Tuple indexing and slicing works the same as for lists:

In [7]:
my_tuple = ("x", "y", "z")
print(my_tuple[1])
print(my_tuple[0:2])

y
('x', 'y')


HOWEVER, tuples are immutable, so you cannot modify them. The follow code demonstrates the immutability of tuples:

In [1]:
my_tuple = ("x", "y", "z")
# crashes! tuples are immutable, you cannot change them
my_tuple[2] = "a"

TypeError: 'tuple' object does not support item assignment

## Key-Value Pairs
Consider the following set of items:
* Your student ID number
* Your checking account number
* The VIN number on your car
* Your social security number

What do all of the above items have in common? They are all *unique* identifiers for something. For example, there may be several students named "John Smith" at WSU. How is the university to distinguish academic records for multiple John Smiths? They assign a unique *key* to identify each individual student:

|ID Number|Last name|First name|
|-|-|-|
|28905|Smith|Jane|
|19485|Smith|John|
|28450|Smith|John|
|25543|Smith|John|
|17834|Smith|Justin|

For the other examples, your checking account number is a key that uniquely identifies your account, the VIN is a key that uniquely identifies your car, and your SSN is a key that uniquely identifies you for government purposes.

Keys are useful because they *map* keys to values. In the example above, a student ID number of 28905 maps to the academic records of Jane Smith at WSU. The academic record of Jane Smith is called the *value* that the *key* (ID number) maps to. Together, the ID number (28905) and the record (Jane Smith's academic record) form a *key-value pair*. 

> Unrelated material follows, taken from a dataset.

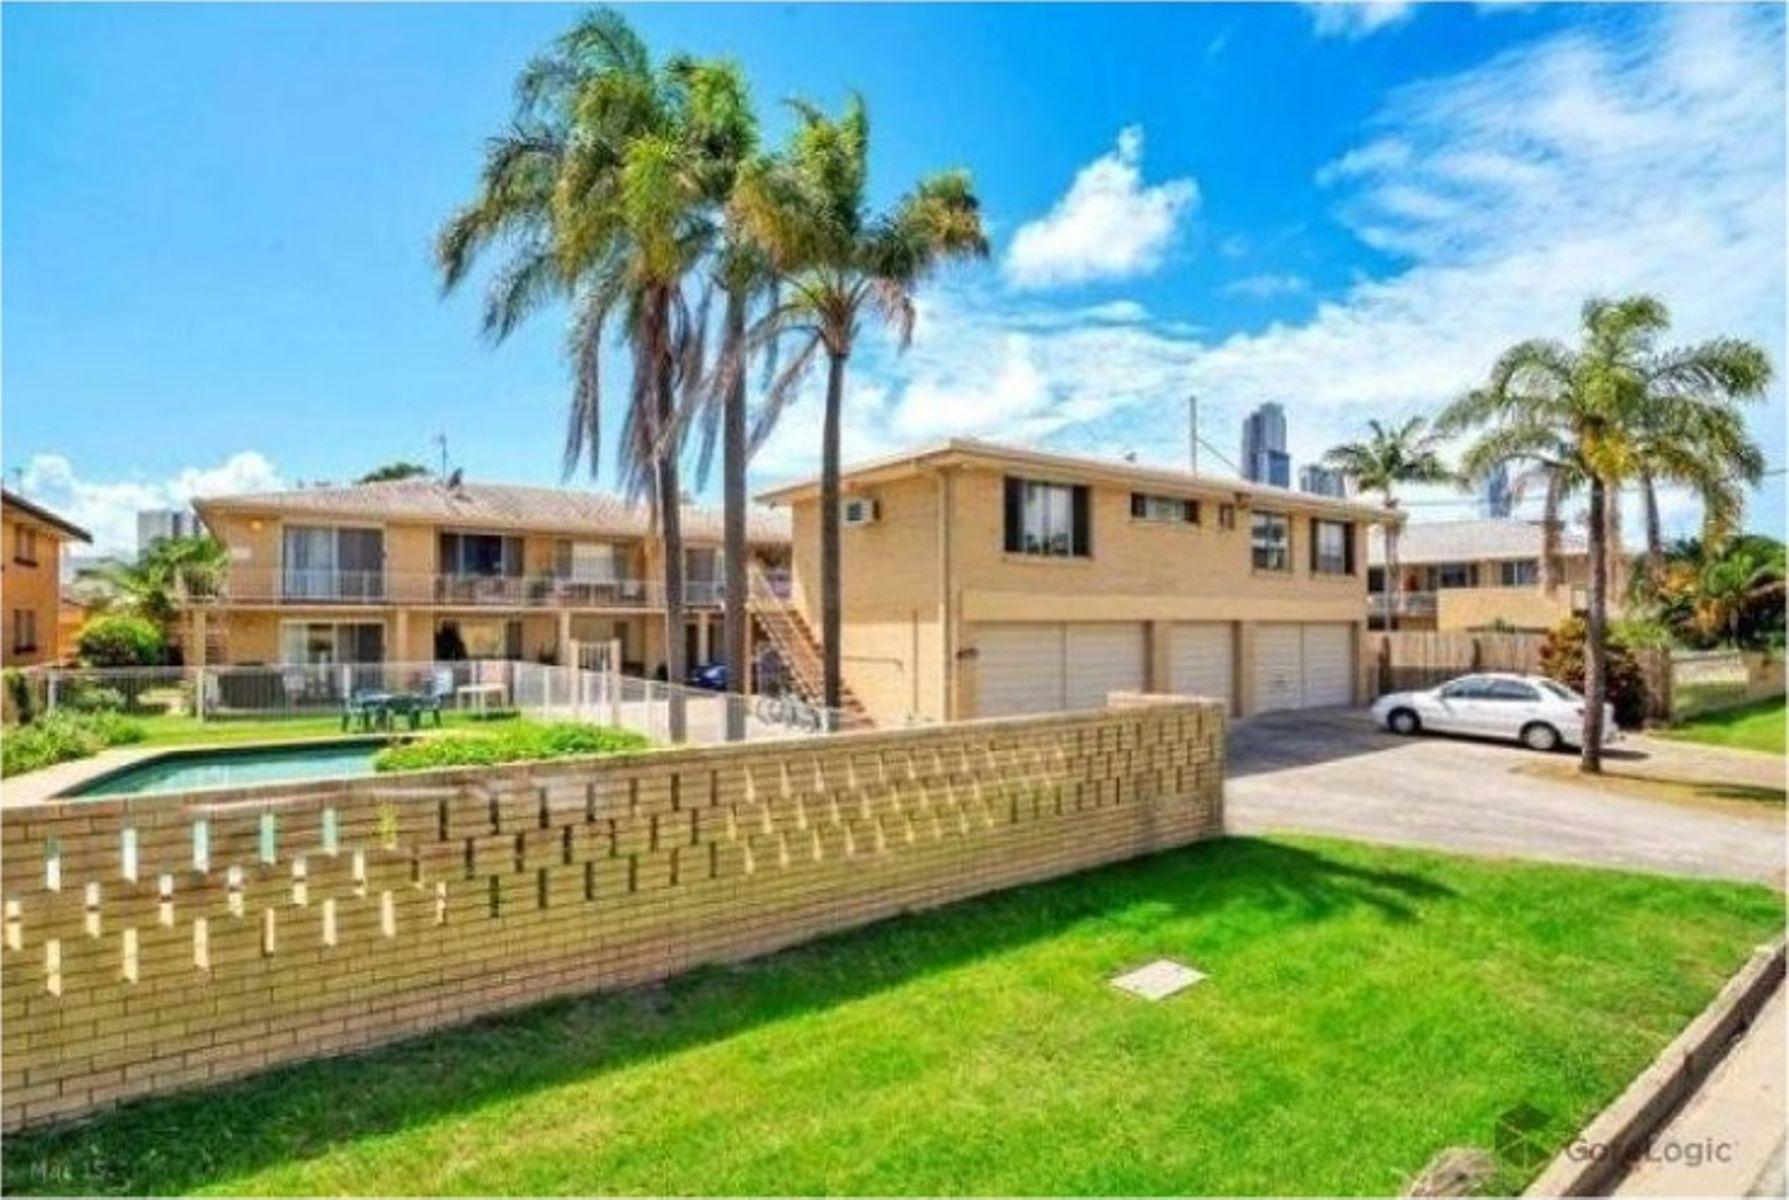 1/41 Burra Street, Surfers Paradise, QLD 4217

Keys can be represented as a list of unique values (no duplicates). Values can be represented as a list as well (can have duplicates). A single data structure that combines key lists and value lists is called a *dictionary*.

## Dictionaries
A *dictionary is a list with keys as indices*. Keys can be integers, strings, file objects, etc. Keys cannot be lists. To declare a dictionary, we use the curly braces `{ }`:

In [8]:
# declares an empty dictionary
my_dict = {}
print(my_dict)
# can also use dict()
my_second_dict = dict()
print(my_second_dict)

{}
{}


We can initialize a dictionary with values using comma separated `key:value` pairs:

In [9]:
state_capitals = {'washington': 'olympia', 'idaho': 'boise', 'oregon': 'portland'}
print(state_capitals)

{'idaho': 'boise', 'washington': 'olympia', 'oregon': 'portland'}


We can create a dictionary from a list of tuples, where each tuple in the list is a key-value pair:

In [10]:
# roman numerals
key_values = [("I", 1), ("V", 5), ("X", 10), ("L", 50)]
roman_numerals = dict(key_values)
print(roman_numerals)

{'V': 5, 'L': 50, 'I': 1, 'X': 10}


We can also convert a dictionary back to a list of tuples with the dictionary method `items()` and the built-in function `list()`:

In [11]:
list_of_tuples = list(roman_numerals.items())
print(list_of_tuples)

[('V', 5), ('L', 50), ('I', 1), ('X', 10)]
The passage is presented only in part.